As part of the Capstone group project for Samsung Innovation Campus, we developed a Machine Learning model that predicted diabetes
As part of the Samsung Innovation Campus, my team and I built a Machine Learning Model that analyzed whether a person had diabetes or not, with an accuracy of 87%.
Diabetes is a condition that affects over 400 million people across the world. Despite there being extensive research in the field, there is no known cure for it yet. Our project aims to develop a machine leanring model that can predict, based on lifestyle questions and health parameters whether a person has diabetes or not, with high level accuracy. We hope that this technology can contribute to the accessibility of diabetes detection and management tools, which can contribute to early detection and amangement of diabetes.
- Python - Programming Language for Analysis
- Pandas Library - Dataframe management
- Numpy Library - Numerical analysis of dataset
- MatPlotLib Library - Visualizing features' correlation to diabetes
- Seaborn - Visualiing features' correlation to diabetes as heatmaps
- SciKitLearn - Model Training and Testing
- Lazy Predict - Analyzing most effective regression model for diabetes
- Jupyter Notebook - Interactive Coding Platform
The original dataset comprised of three files. The first file had all cases classified as Non-Diabetic (0), Pre-Diabetic (1) or Diabetic (2) cases.
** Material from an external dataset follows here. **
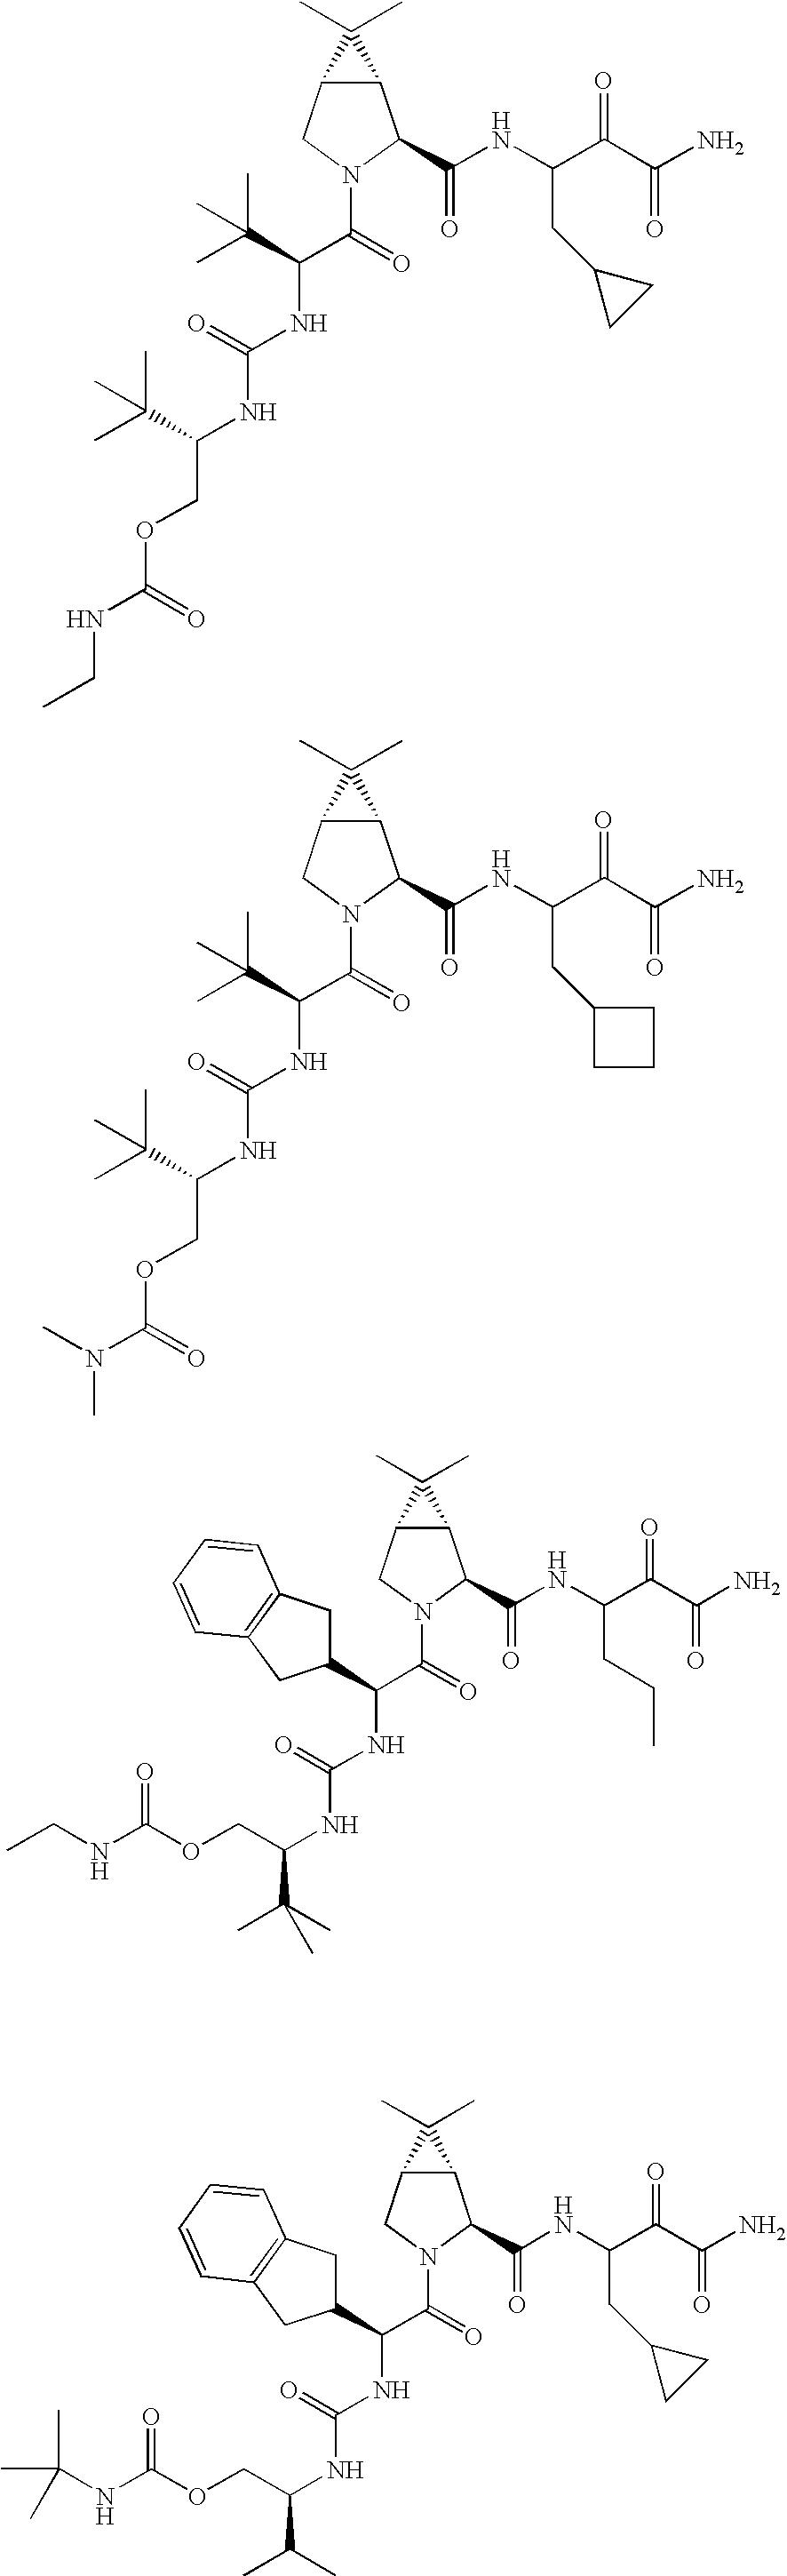 Figure US20060287248A1-20061221-C00372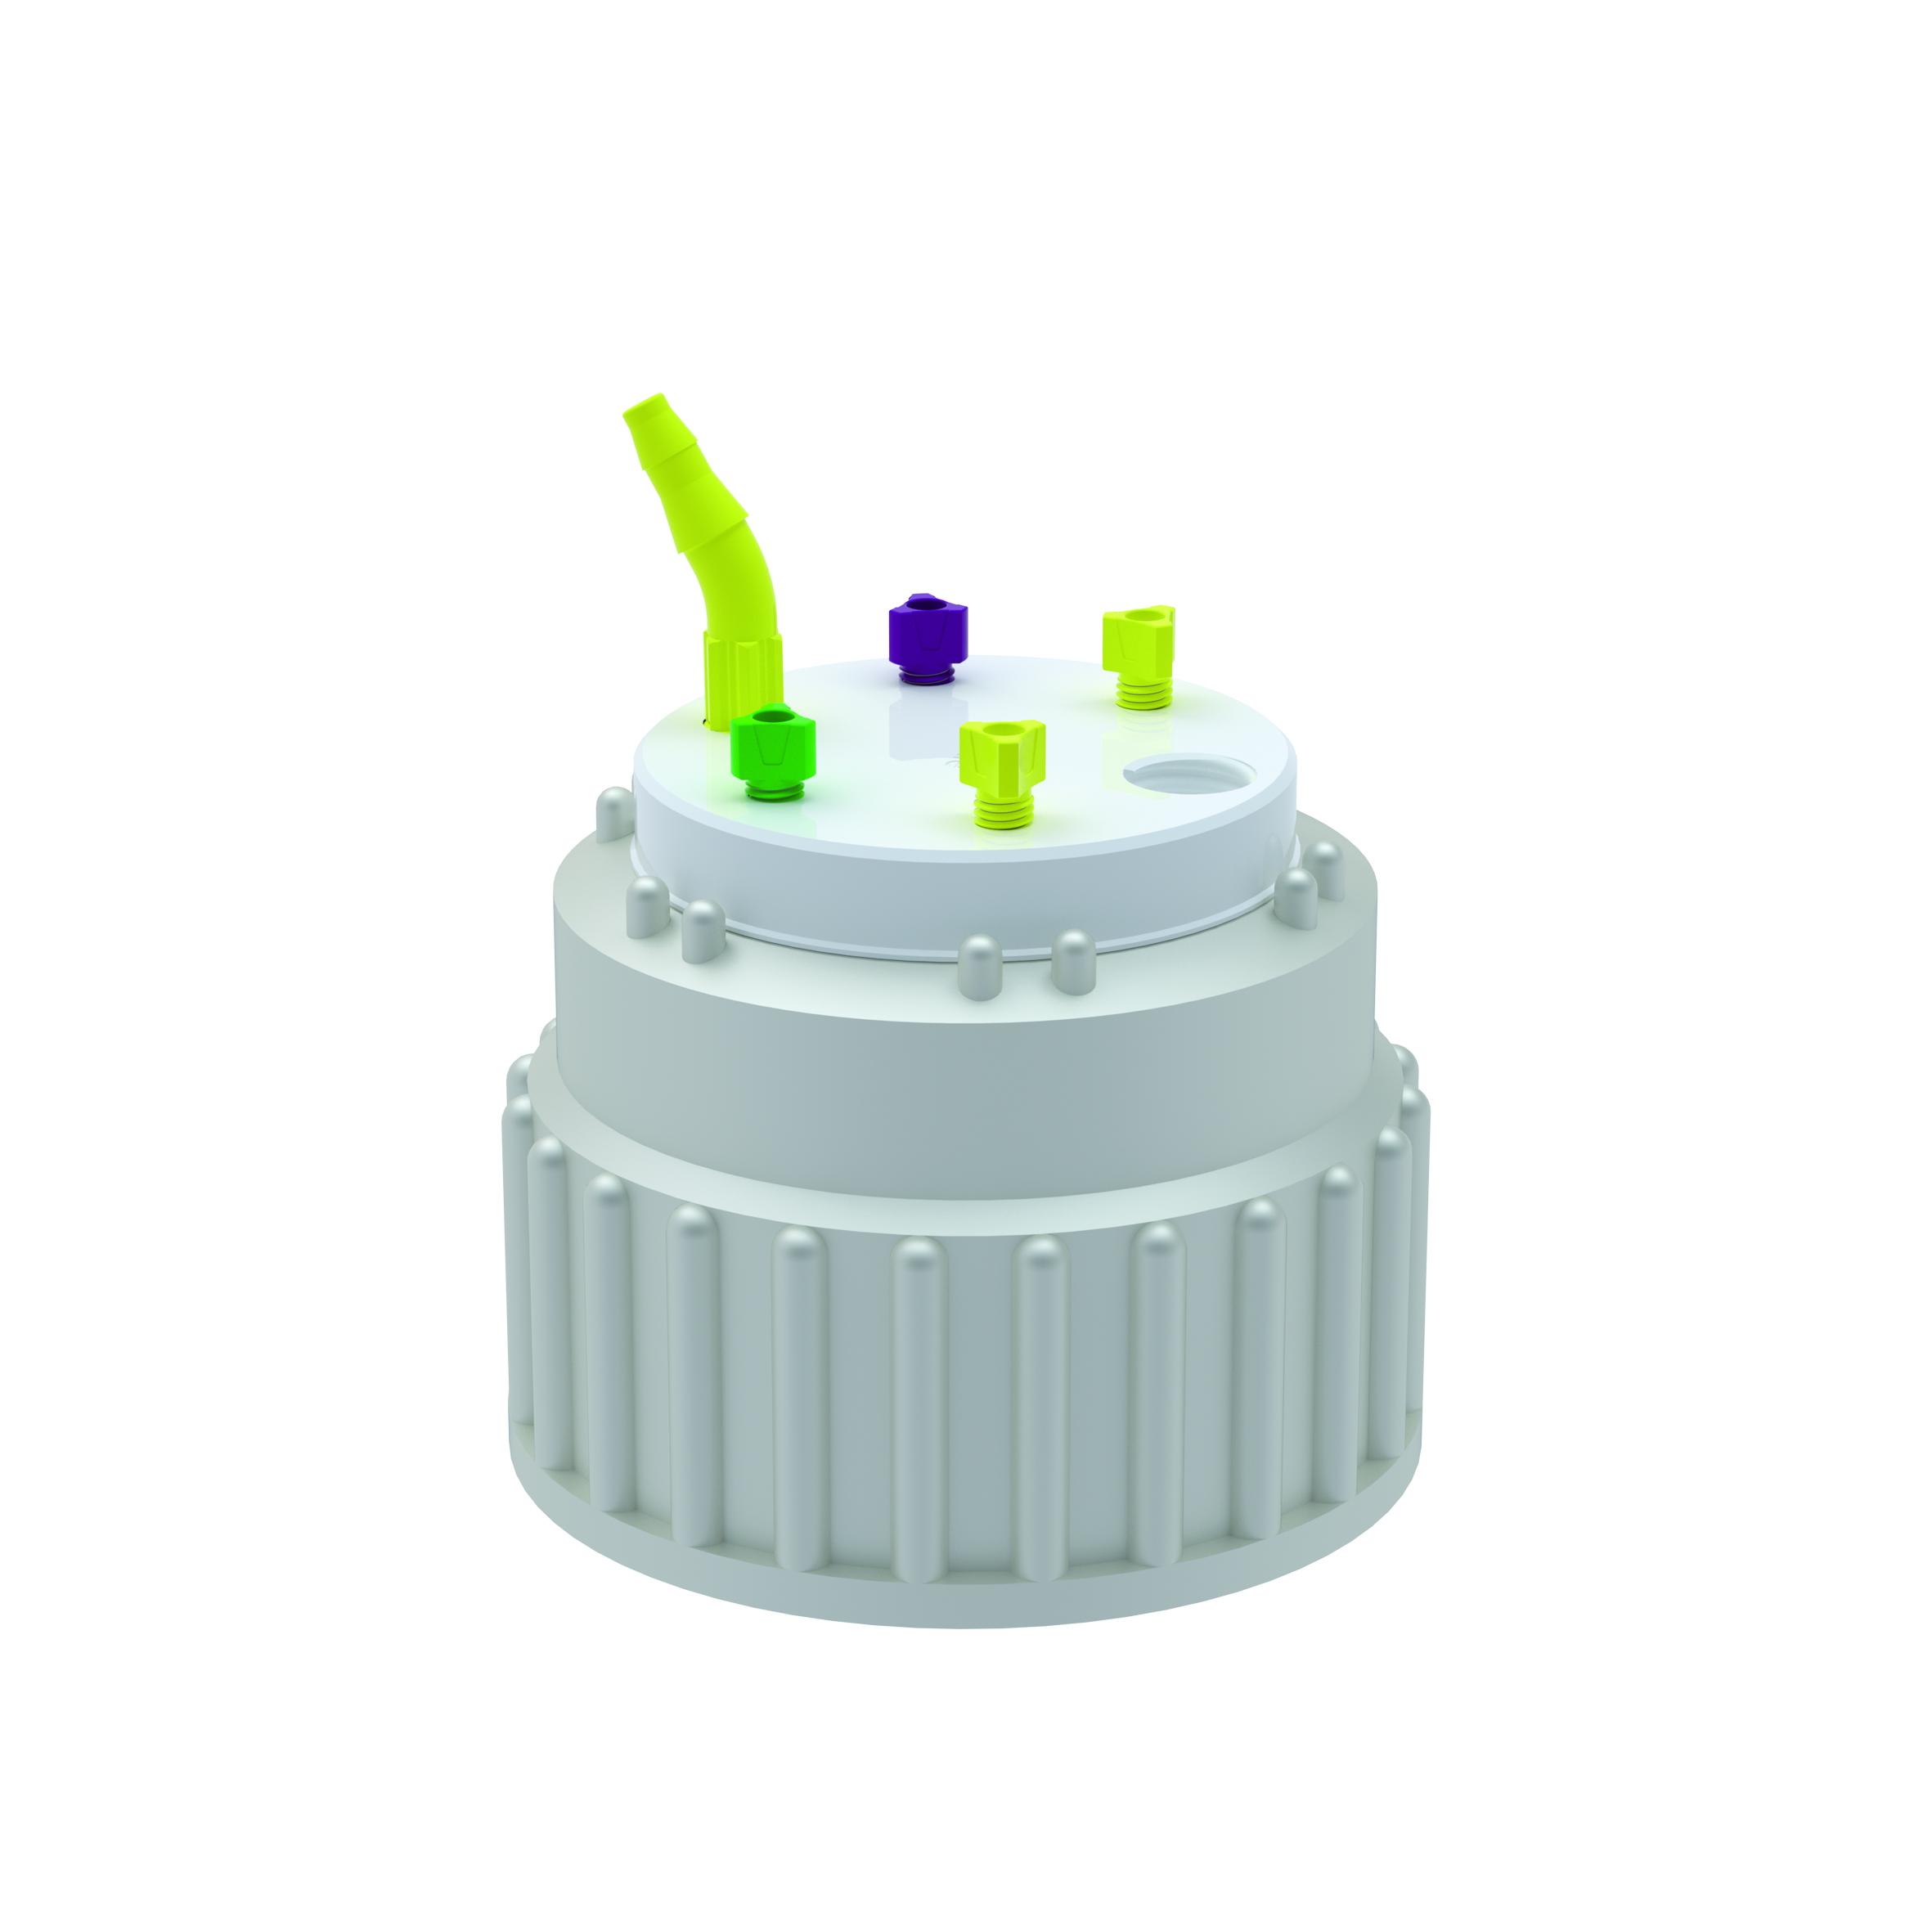 Waste Cap B83  Schraubkappe aus PE für Gewinde B83, frei drehbarer Einsatz aus PTFE. Mit PFA-Fittings für Kapi

The second file had a balanced, binary data set where all cases were classified as Non-Diabetic (0) or Diabetic (1). The third file had an unbalanced binary data set where all cases were classified as Non-Diabetic (0) or Diabetic (1).
The dataset was pre-processed to remove any null/out-of-bound values. It consisted of 253,680 survey responses and 21 feature variables. The files included the following key features:
- HighBP: Does the individual have High BP?
- HighChol: Does the individual have High Cholesterol?
- HeartDiseaseorAttack: Does the individual have a history of heart conditions?
- Stroke: Does the individual have a history of stroke?
- BMI: The individuals BMI range?
- MentHealth: Does the individual have any history of mental health conditions?
- PhysActivity: Has the individual exercised over the part 30 days (not including job)?
- Smoker: Has the individual consumed over 100 cigarettes (5 packets)?
- HvyAlcoholConsump: Does the individual consume alcohol regularly (more than 14 drinks a week for adult men and more than 7 drinks a week for women)?
- Fruits/Veggies Consumption: Does the individual consume fruits and veggies with at least one meal day?
- Income: What is the category of 'range of income' does the individual come under?
- Age: What is the category of 'range of age' of the individual?
- Sex: What is the gender of the individual?
- AnyHealthcare: Does the indivdual have any healthcare plan/insurance?
- NoDocbcCost: Was the individual not able to access any healthcare services, despite their need for it, due to financial reasons over the past year?
The cleaned dataset was sourced from Kaggle. [Link: https://www.kaggle.com/datasets/alexteboul/diabetes-health-indicators-dataset/data]
- Analyzed the various factors that positively and negatively influence the likelihood of developing diabetes.
- Implemented the Lazy Predict library to analyze the top three machine learning models that are most efficient for diabetes prediction
- Developed, trained and tested a LightGB Machine Learning Model for diabetes prediction with 86% accuracy.
- Developed, trained and tested a Logistic Regression Machine Learning Model for diabetes with 85% accuracy.
- Made use of libraries and tool kits to automate processes and save on time.
- Since our model is handling clinical data, our first goal is to train the model on preprocessed datasets from Kaggle, or machine learning repositories.
- Implement a user interface, in the form of a website to deploy the ML model in the back end.
- Take input such as lifestyle and medical parameters from the user and give real time predictions.